INVESTIGADORES
MARCIANO Sebastian
artículos
Título:
Diagnosis, treatment and evolution of the Budd-Chiari syndrome: a single center experience
Autor/es:
SOLARI J; BANDI JC; GALDAME O.; SEBASTIAN MARCIANO; MULLEN E; GARCIA MR; NUCIFORA E; DE SANTIBAÑES E; ADRIAN GADANO
Revista:
ACTA GASTROENTEROLOGICA LATINOAMERICANA.
Editorial:
SOCIEDAD ARGENTINA DE GASTROENTEROLOGÍA
Referencias:
Año: 2010 p. 225 - 235
ISSN:
0300-9033
Resumen:
INTRODUCTION:The Budd-Chiari syndrome is a low-prevalence disease due to an hepatic outflow obstruction. It is associated with procoagulant status and liver transplantation is one of the therapeutic tools for the treatment.OBJECTIVE:To evaluate the etiology, presenting form, treatment and evolution of patients with Budd-Chiari syndrome.PATIENTS AND METHOD:Ten consecutive adult patients with Budd-Chiari syndrome evaluated from January 1998 to June 2009 were prospectively included. The median follow up was 32.4 months (4-108 months).RESULTS:The mean age of patients was 34 +/- 12 years old. Presentation was acute in 1 patient, chronic in 2 and subacute in 7. The mean time from consultation to diagnosis was 4 +/- 2 days.

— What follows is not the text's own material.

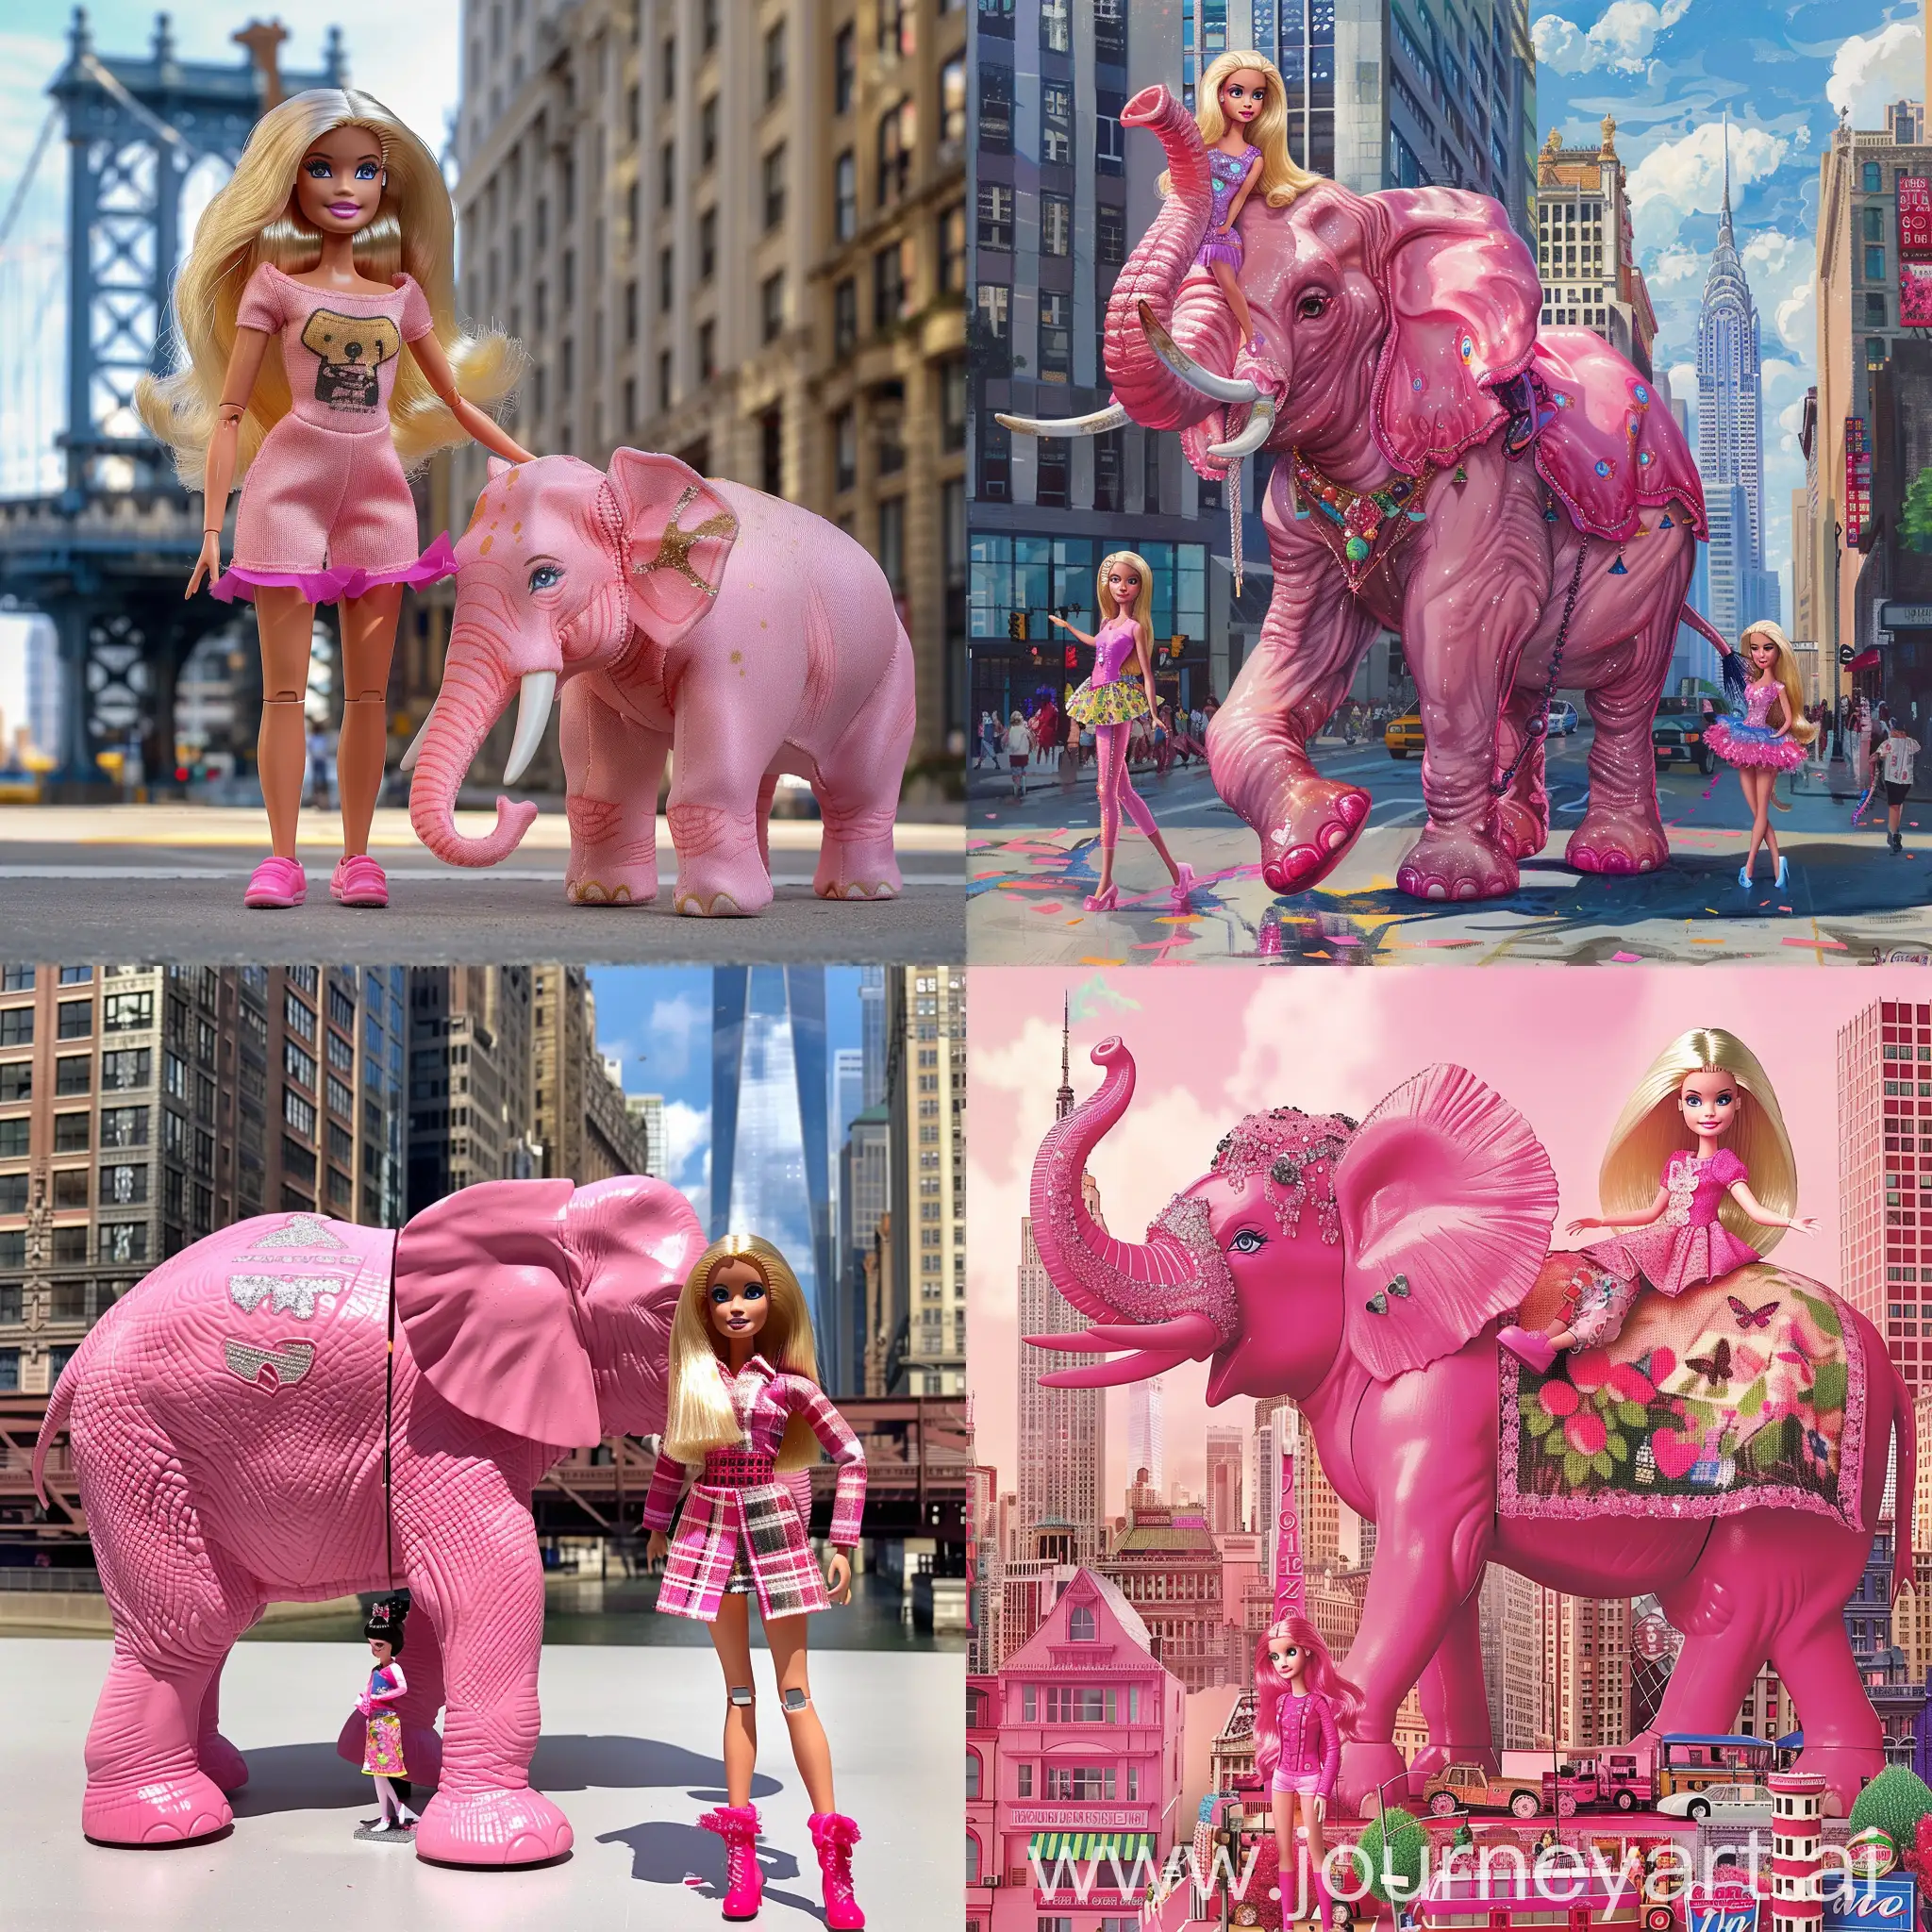 Vibrant-Urban-Adventure-Pink-Elephant-and-Barbie-Explore-the-City

Clinical manifestations were splenomegaly in 8 patients, malnutrition in 7, ascites in 6 and encephalopathy in 4. Diagnosis was confirmed by angiography in all cases. Initial prothrombin concentration was < 30% in 3 patients, 31% to 50% in 5, and > 50% in 2; hematocrit was > 45% in 5 patients and platelet count was > 400.000/mm3 in 6. MELD distribution at diagnosis was < or = 13 points in 4 patients, between 14 and 16 points in 5 and > or = 17 points in 1. Policytemia vera was detected in 7 patients, essential thrombocythemia in 1 and positive lupus inhibitor in 4. Nine patients were anticoagulated after diagnosis. Angioplasthy was required in 1 patient and 6 were treated with a transjugular intrahepatic portosystemic shunt. Death occurred in 1 patient due to gastrointestinal bleeding. Two patients were transplanted.CONCLUSION:In our experience all patients with Budd-Chiari syndrome have a procoagulant status. The transjugular intrahepatic portosystemic shunt is effective in treating this syndrome and liver transplantation should be reserved for patients who are refractory to other therapeutics.